Also holes can be injected in the semiconductor electrodes 76, 77
in which case the gates 71, 72 are p-doped.
[0065] Both the semiconductor electrodes 76, 77 and the gates 71,
72 are arranged inside of the optical field of the optical signal
to be transported by the waveguide 74, 75, 81. Therefore parts of
the optical signal will intrude into the gates 71, 72 and the
semiconductor electrodes 76, 77. Thus, both the gates 71, 72 and
the semiconductor electrodes 76, 77 are optically transparent at
the wavelengths of the optical signal to reduce an optical
loss.
[0066] The insulator 73 separates the semiconductor electrodes 76,
77 from the gates 71, 72 so that a gate voltage V.sub.gate can be
applied between them that induces the charge layer in a face 76',
77' of the semiconductor electrodes 76, 77 facing the insulator 73.

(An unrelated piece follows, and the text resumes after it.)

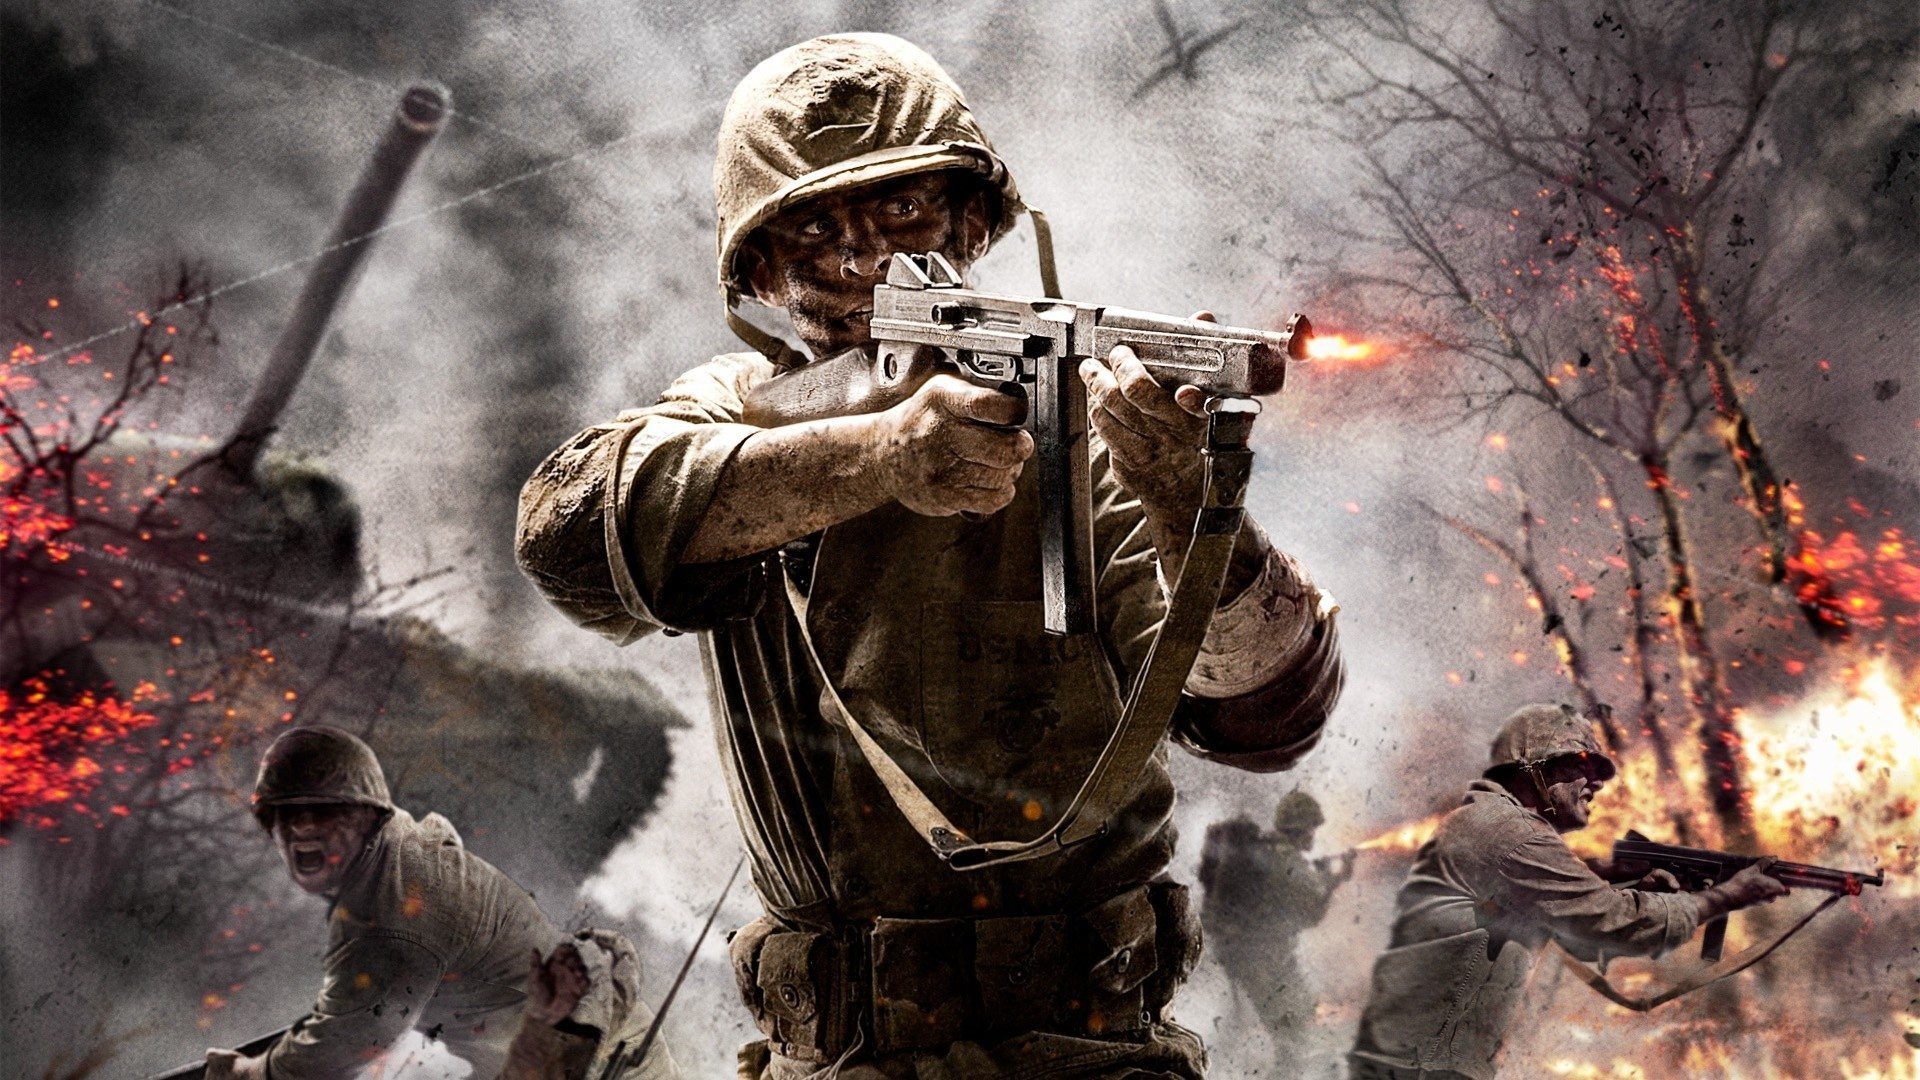 Xuất hiện thông tin đầu tiên về bộ phim Call of Duty, nhiều khả năng Tom Hardy thủ vai chính
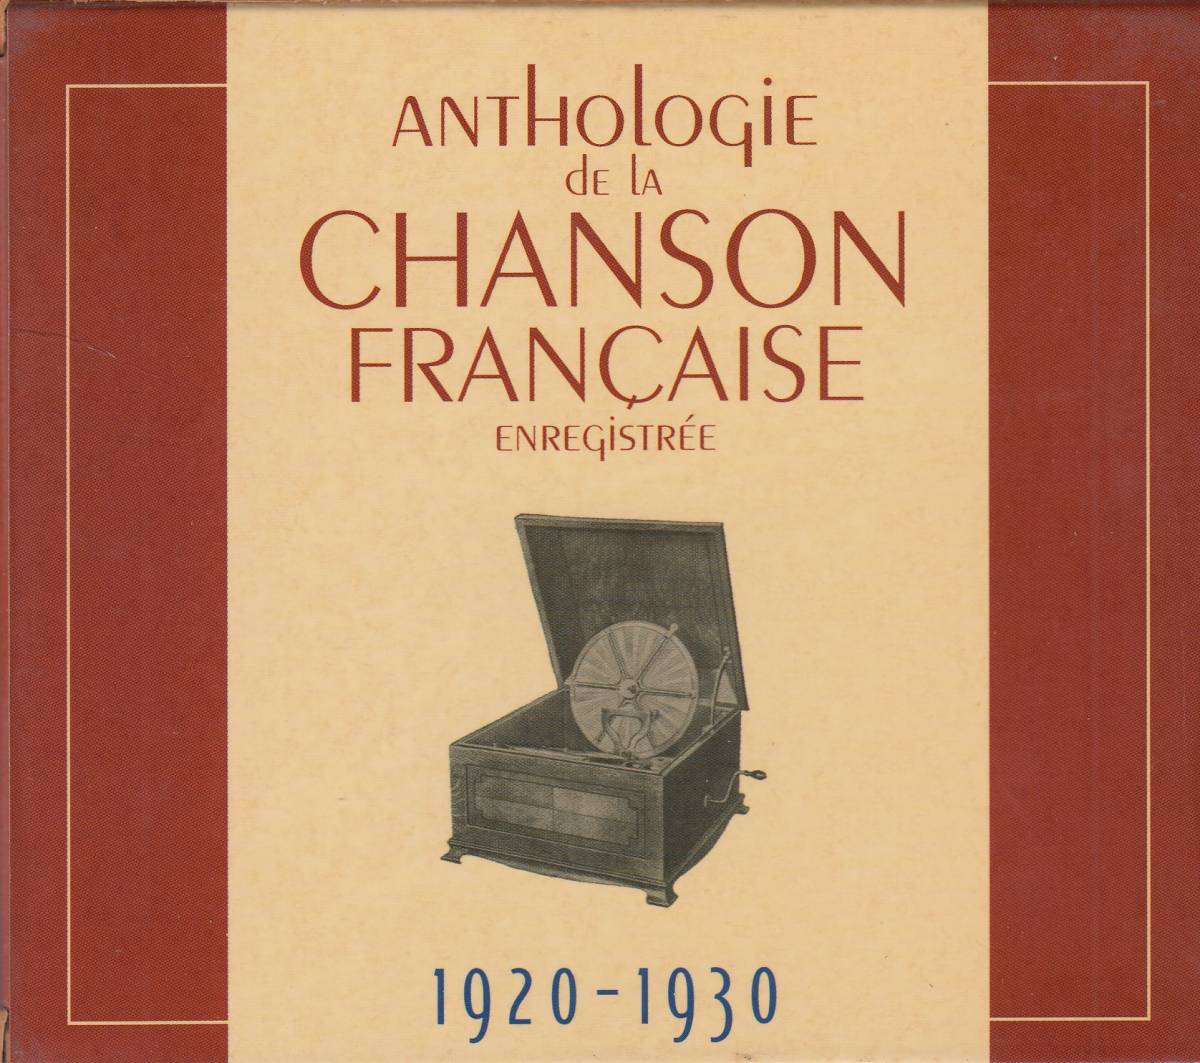  транспорт VA / Anthologie De La Chanson Franaise Enregistre - 1920-1930 10CD* стандарт номер #1989702-A/B* бесплатная доставка # быстрое решение * переговоры иметь

Thus, the conductivity of the semiconductor electrodes 76, 77 is
increased. This also provides the possibility to modulate the gate
voltage V.sub.gate with a signal to change the optical properties
of the semiconductor electrodes and therefore the optical
properties of the waveguide 74, 75, 81.
[0067] Those skilled in the art may find many variations to the
scheme depicted in FIG. 2. For instance, the layers 78, 79 might
not be needed or be replaced with a metal layers. The insulator 73
might have a different shape and many other modifications would
work as well.
[0068] Similar schemes could be applied to almost any
electro-optical modulator. For instance, a similar scheme could be
used for inducing the electro-optic effect in strained silicon, in
InP or GaAs based electro-optic modulators and in many alternative
electro-optic material systems.
[0069] For a given optical toss, higher semiconductor conductivity
can be obtained as compared to an ion implant. This leads to
devices having a higher bandwidth. Vice-versa, for a given
conductivity, lower optical losses can be obtained.
[0070] The silicon electrodes can be made notably thinner than what
suggested so far for silicon-organic hybrid (SOH) modulators.
Thinner silicon electrodes imply that the overlap between optical
field and free charges can be reduced, leading to additional lower
optical losses.
[0071] The SOH modulator 100 shown in FIG. 2 can also be used as a
SOH detector taking advantage of the optical rectification
occurring in the electro-optic material. The gates 71, 72 are used
to decrease the resistance of the silicon arms 74, 75 and
consequently to increase the bandwidth of the detector 100.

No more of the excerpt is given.